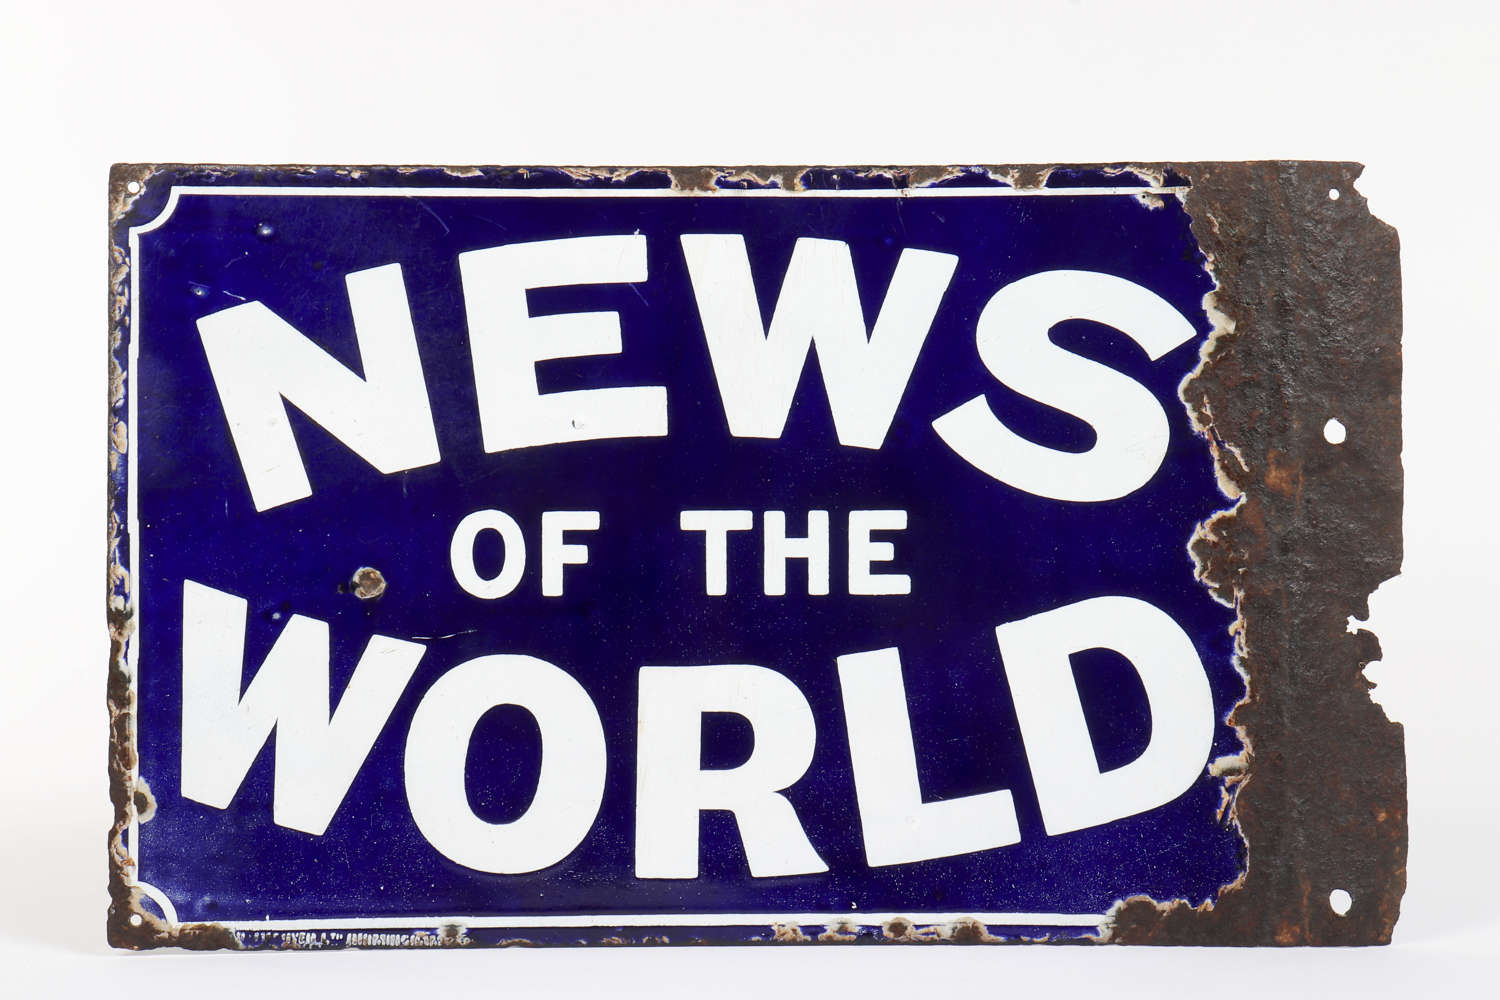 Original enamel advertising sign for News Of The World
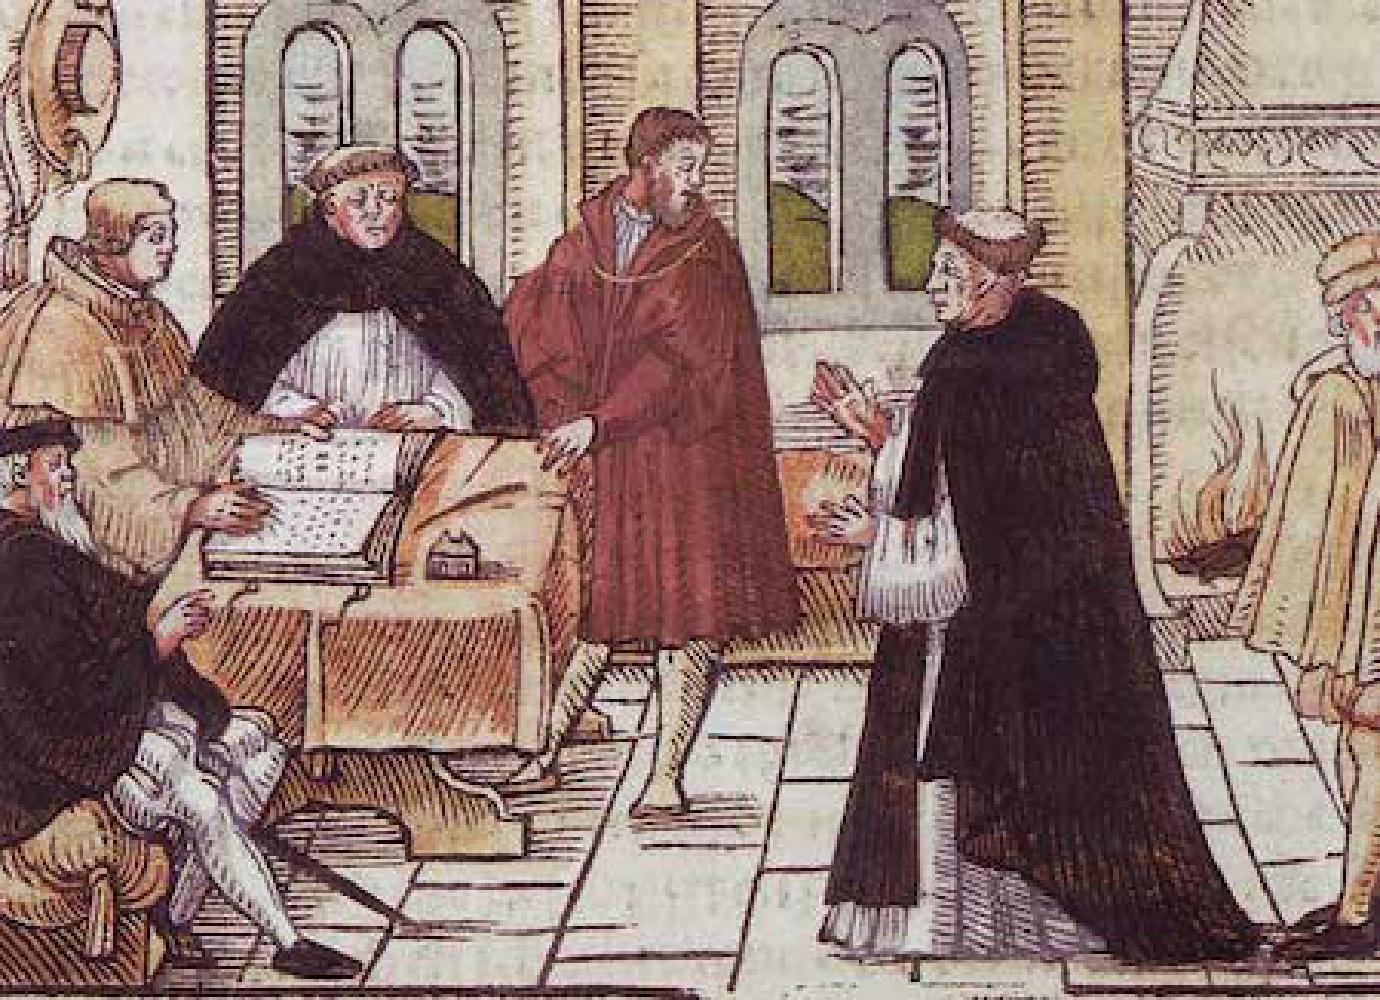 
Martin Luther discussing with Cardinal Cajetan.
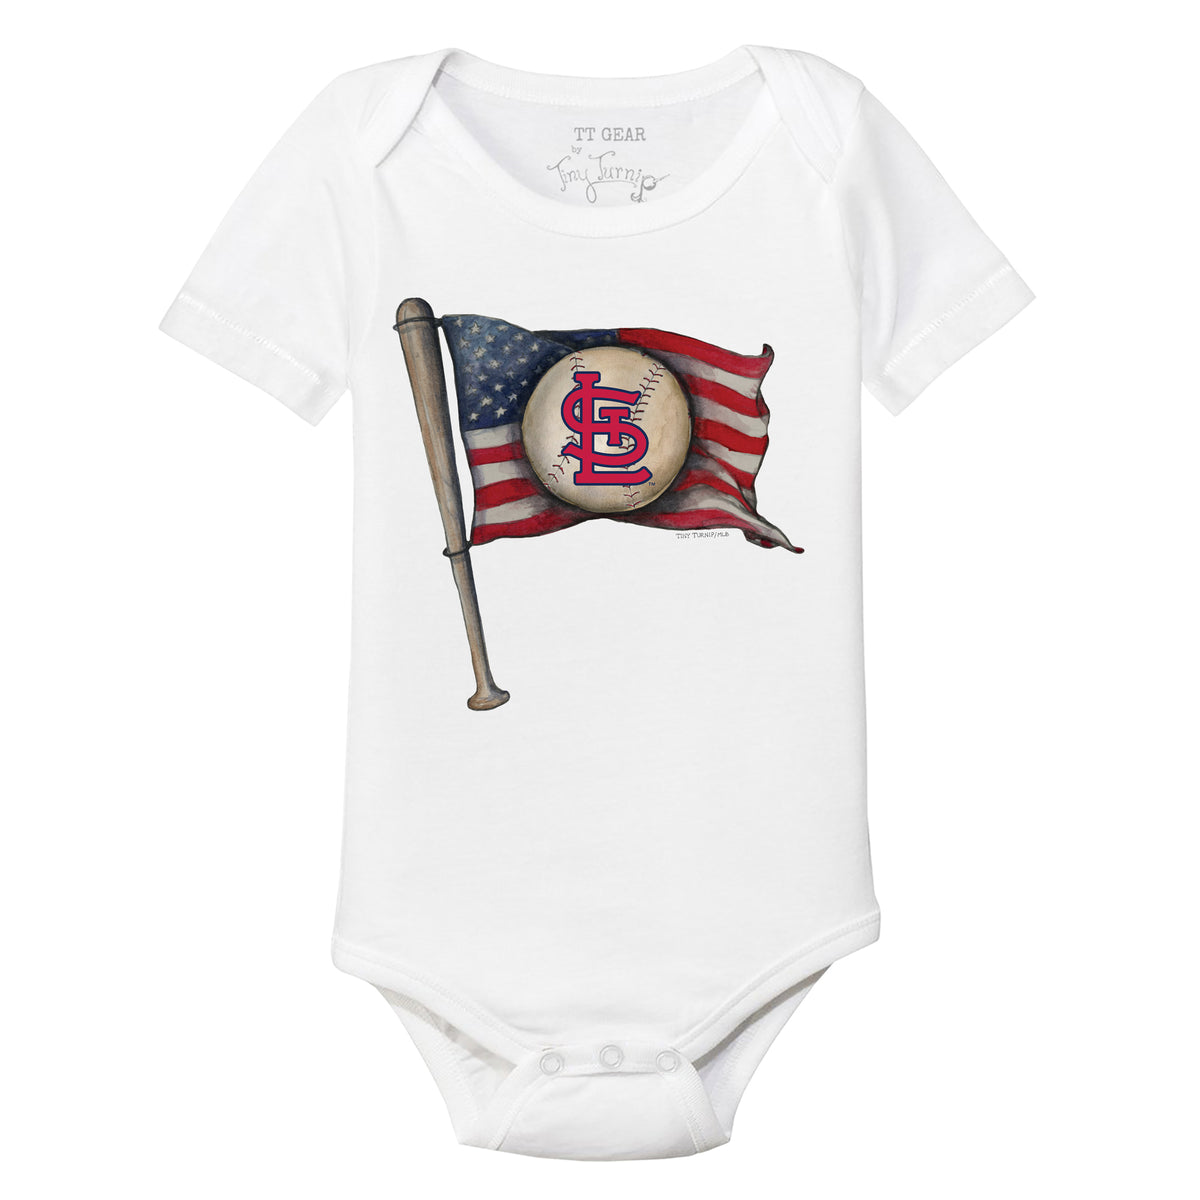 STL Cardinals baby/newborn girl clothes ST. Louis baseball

=====

**What the task requires**
Everything in the listing above is to be given again exactly, apart from the pictures.

**Answer space**
 Original enamel advertising sign for News Of The World
Martin Luther discussing with Cardinal Cajetan.
 STL Cardinals baby/newborn girl clothes ST. Louis baseball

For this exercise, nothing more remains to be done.